Reliance Capital Asset Management Ltd has tweaked and re-launched a product that aims to take on banks offering higher interest rates on their savings bank account. Originally launched in January 2006, it’s called Reliance Any Time Money Card.
What is it?
It works just like your bank’s automated teller machine or ATM-cum-debit card. Using this card you can withdraw money from any of your Reliance mutual fund (MF) schemes or can even shop with it. When this card was issued in 2006, it was only introduced for three schemes. Later, the fund house extended this card to all the schemes.
Here comes the major tweak behind the card’s relaunch. The MF mandates that you must invest in either Reliance Liquid fund—Treasury Plan (a liquid scheme) or Reliance Money Manager Fund (an ultra short-term scheme) to be eligible for this card. Over and above this, you are free to invest in any of the other Reliance MF schemes.
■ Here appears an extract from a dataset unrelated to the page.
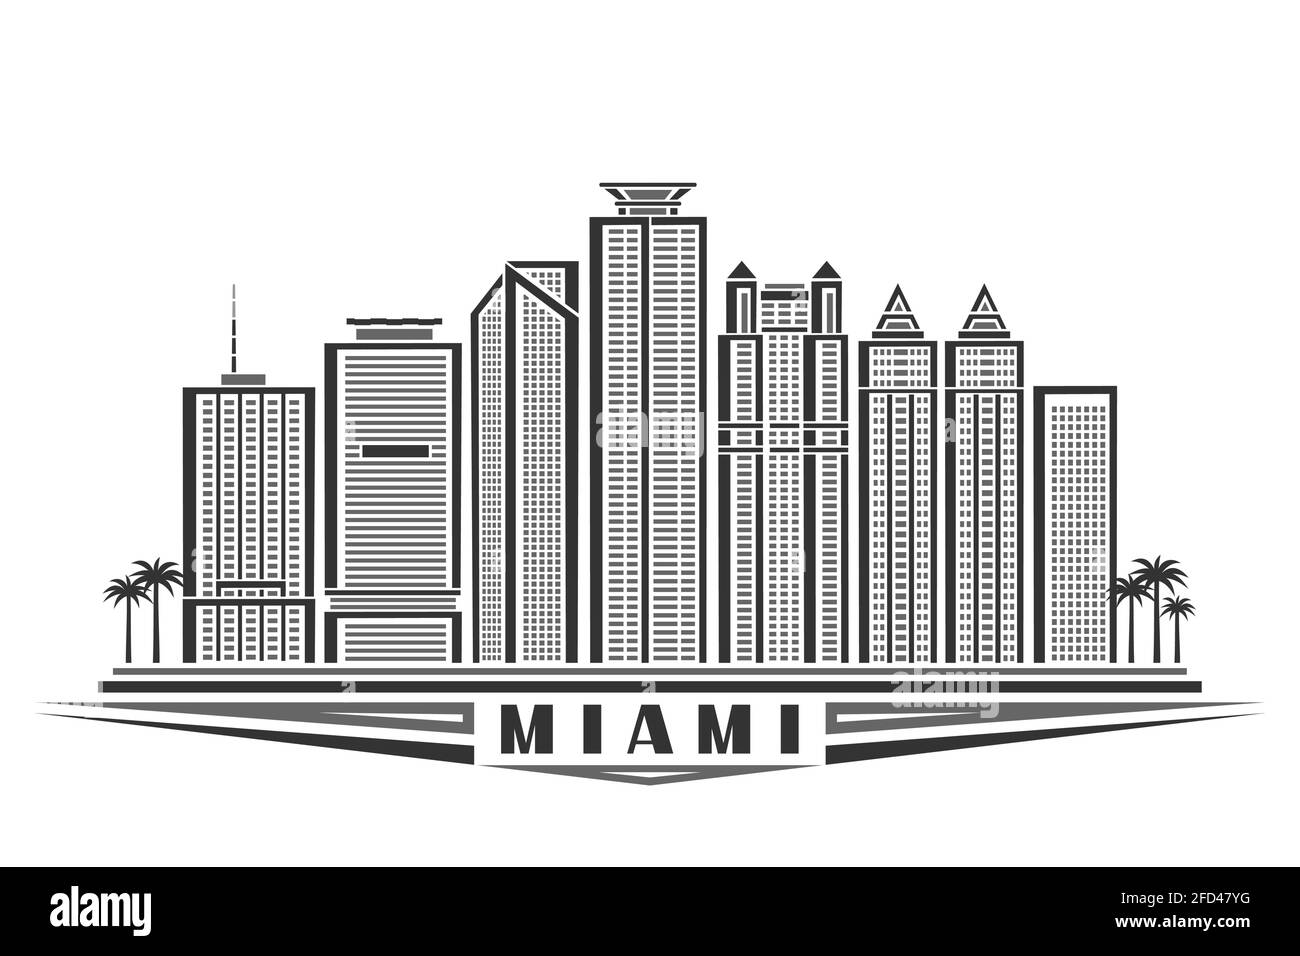 Ilustración vectorial de Miami, póster horizontal monocromo con diseño de contorno famoso paisaje urbano de miami, concepto de arte urbano con decoración única Ilustración del Vector
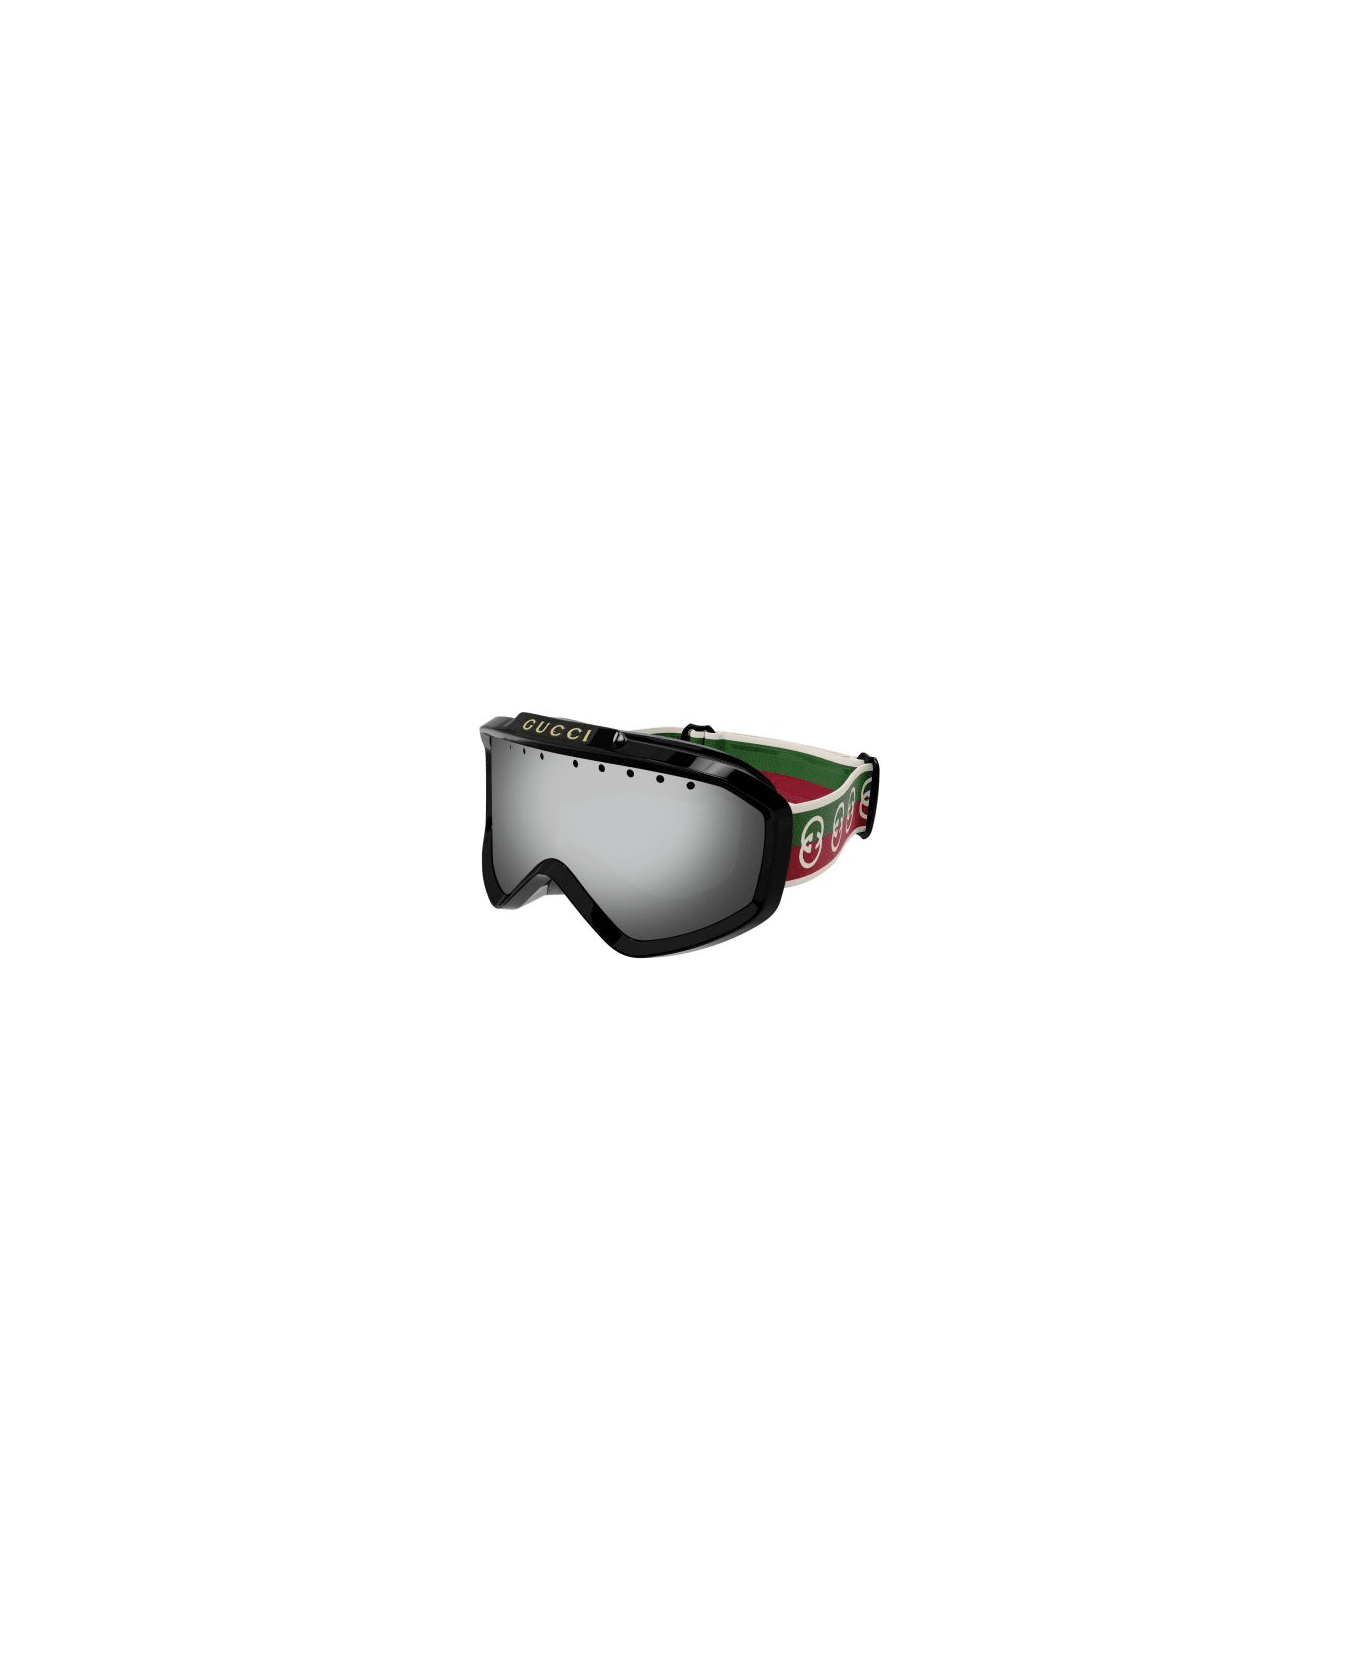 Gucci Eyewear Gg1210s Sunglasses - 001 black green silver サングラス

Additionally, the fund house has a tie-up with HDFC Bank Ltd. Through an HDFC Bank’s automated teller machine, you can withdraw from any of Reliance MF schemes.
But if you withdraw from any other bank’s Visa-enabled ATM—or shop using Reliance ATM card—you can only withdraw from either of the two primary account schemes that you have invested in. The fund house said that the ATM card is meant as an alternative to savings bank account and to offer similar liquidity. The fund house, therefore, claims that it does not make sense to invest in long-tenor schemes such as equity and bond funds and then withdraw from them.
Limits and cost
The card comes free of cost, except when you use it to withdraw cash—or check your account balance—when you are abroad. The card offers instant liquidity compared with the traditional way of MF withdrawals. You can withdraw up to 50% of the scheme’s balance or Rs 50,000, whichever is lower. That’s the daily limit; you can continue to withdraw the next day, provided you have sufficient account balance.
Should you acquire the card?
It’s hard to imagine anyone who still doesn’t have an ATM card of a bank, so this ATM card acts as an additional one, if you need one, that is. Go for the card if you are invested in Reliance AMC schemes because it is free of cost. You may just want to keep it for emergencies. You may also have to invest further in their primary account schemes to be eligible for the card, but the convenience and liquidity that it offers may be worth the effort. In this case, you may invest a minuscule amount in liquid funds.
Remember though, using your equity or other long-tenor funds to sponsor your shopping or withdrawal needs is a bad idea; these are best left untouched to meet your original finance goals. If you must withdraw, stick to your liquid fund investments for withdrawals.